Clinicians’ adherence to the Centers for Disease Control guidelines to prevent group B Streptococcus (GBS) early-onset sepsis (EOS) has reduced GBS EOS. Although evidence-based testing and empirical antibiotic initiation are likely saving lives, clinicians have less compelling data to guide duration of empirically initiated antibiotics when cultures remain sterile and clinical signs resolve quickly. Our purpose is to review current opinions and evidence influencing clinicians’ choices for duration of empirically initiated antibiotics in newborns with sterile cultures.

Recent findings

Retrospective cohort studies indicate potential for harm with longer duration of empirical antibiotics for EOS when cultures are sterile. Cohort studies indicate timing of widely used tests used to estimate EOS risk affects their predictive value, and tests acquired 24–48 h postnatally may provide reassurance for safe discontinuation.

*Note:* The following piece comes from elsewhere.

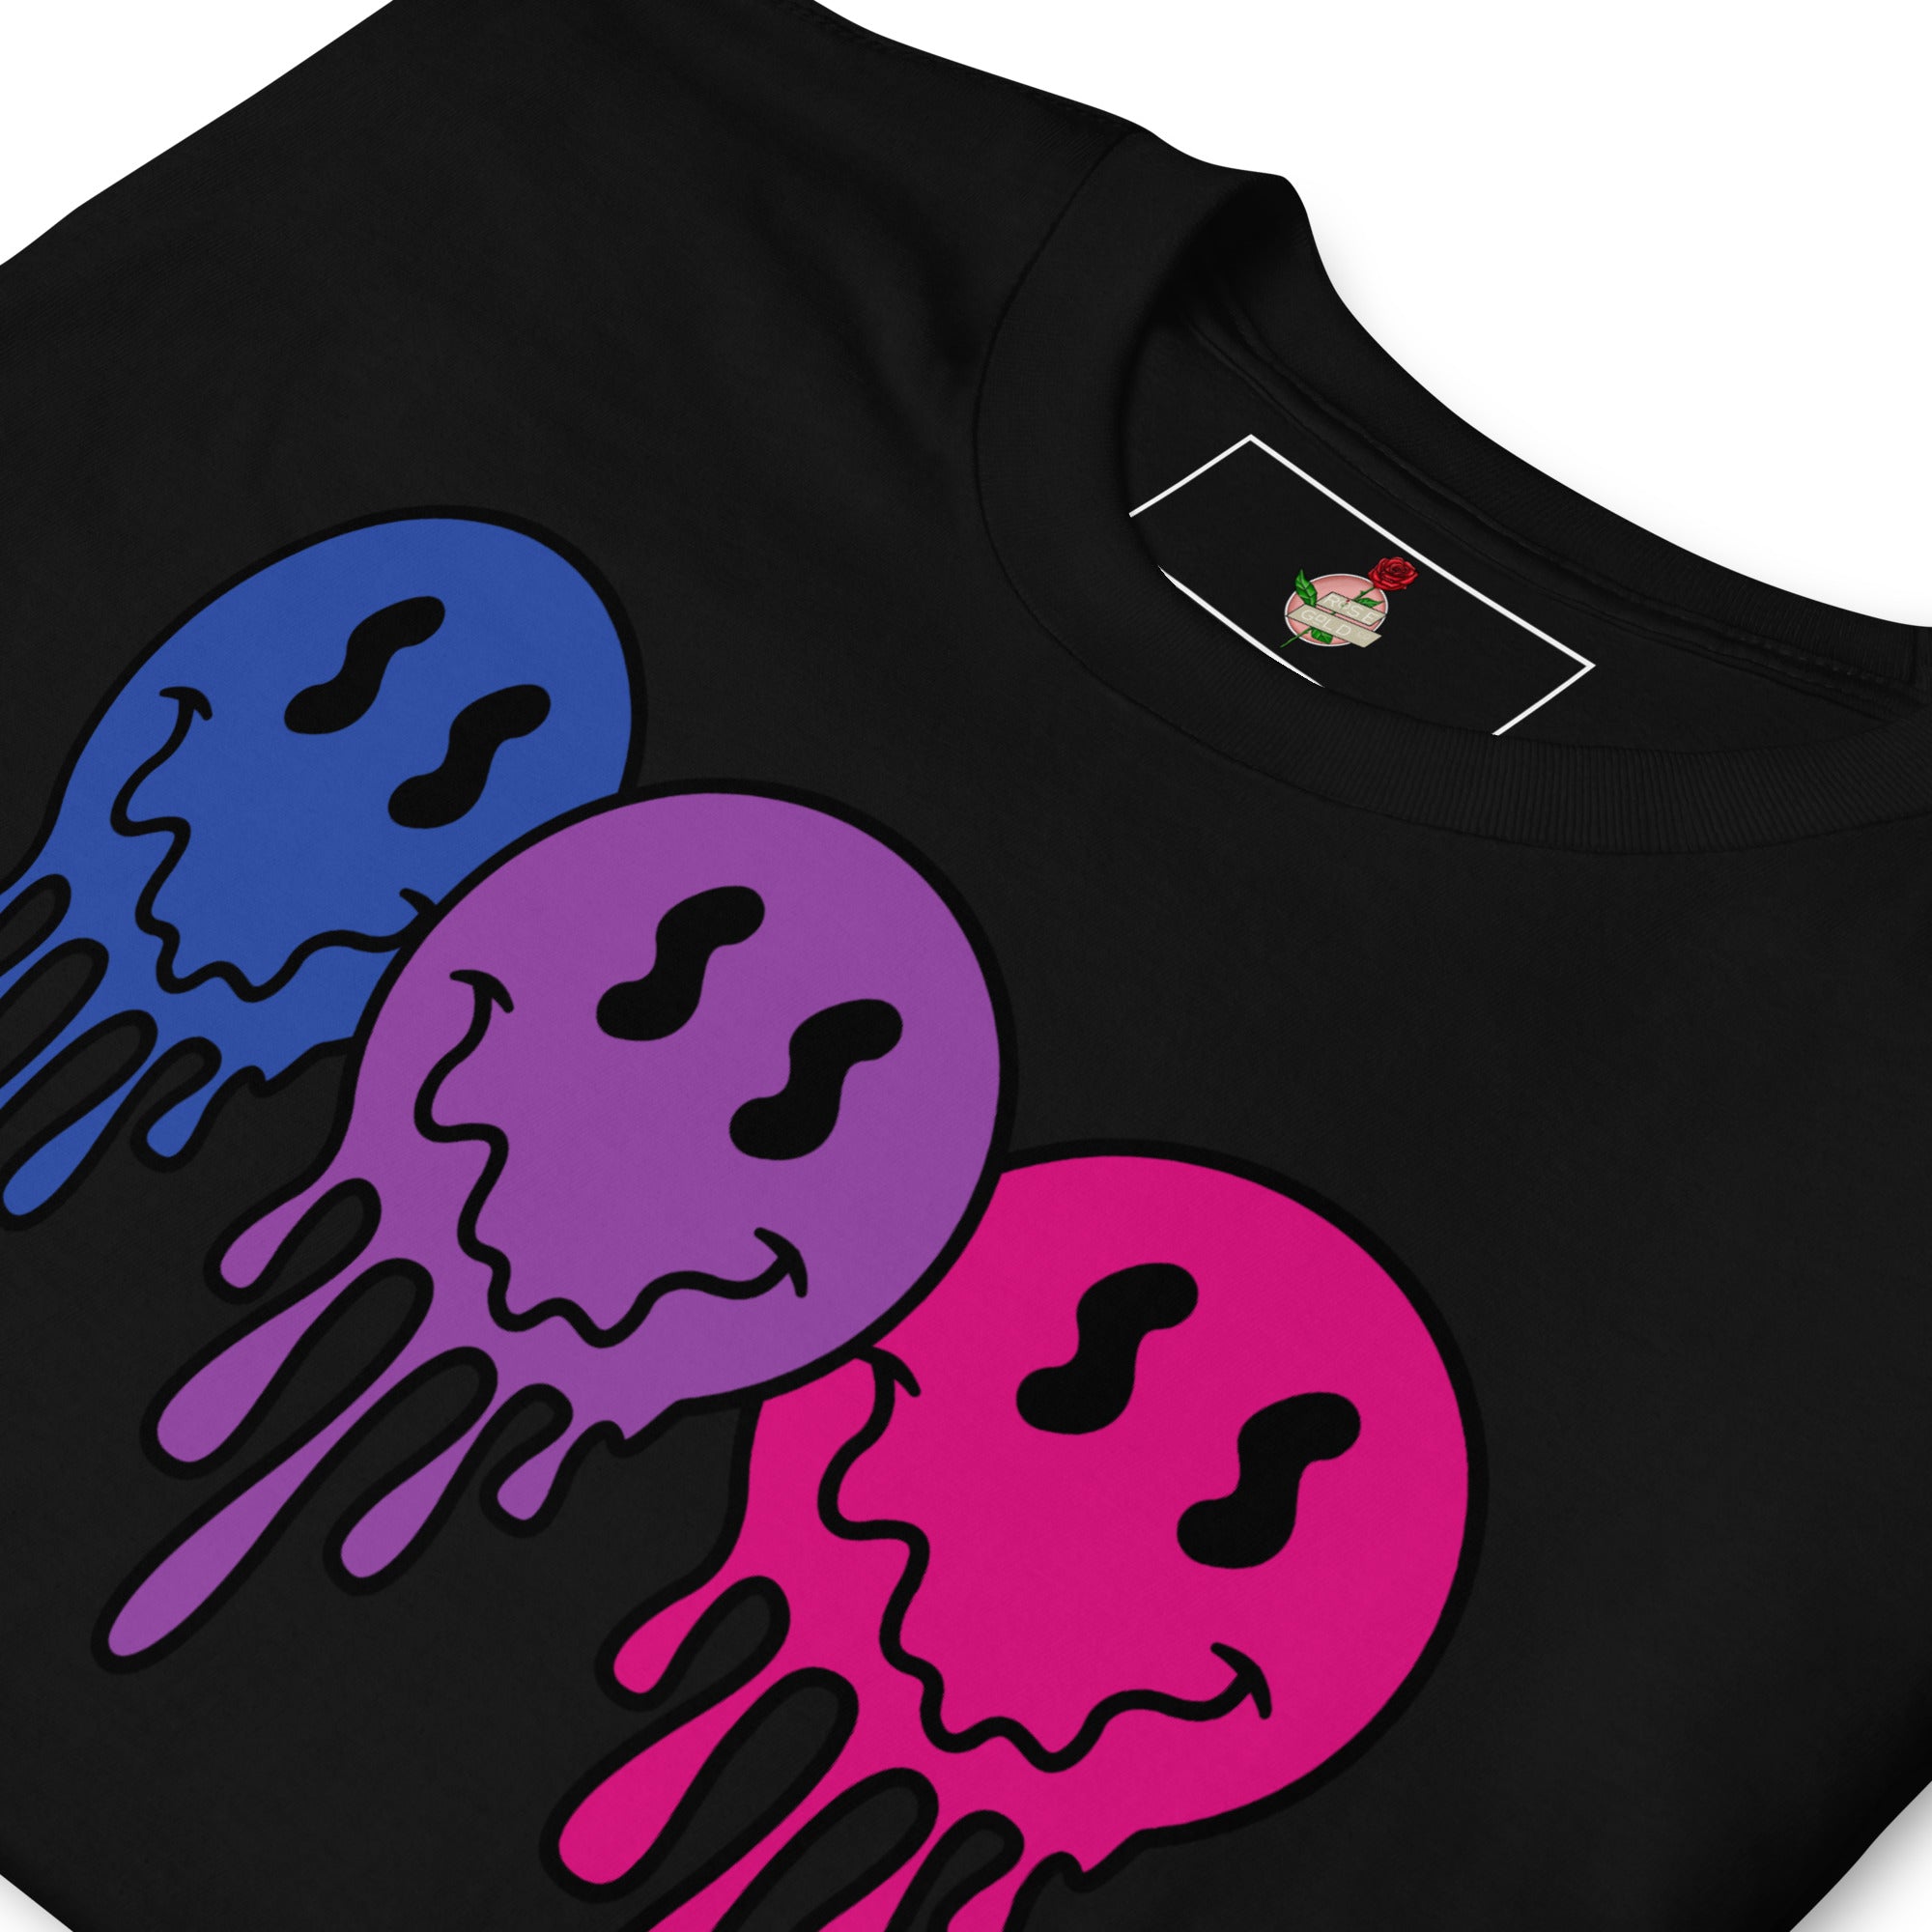 The Bisexual Pride Smiley Face Unisex T-Shirt

Every day clinicians caring for thousands of neonates in the United States stop antibiotics which were started empirically to treat EOS on the first postnatal day. Evidence is lacking to support a universal approach to decisions on duration of empirical antibiotics when cultures remain sterile. Reviewing predictive value relative to timing of laboratory testing can help clinicians develop locally appropriate antimicrobial duration decision-making guidelines.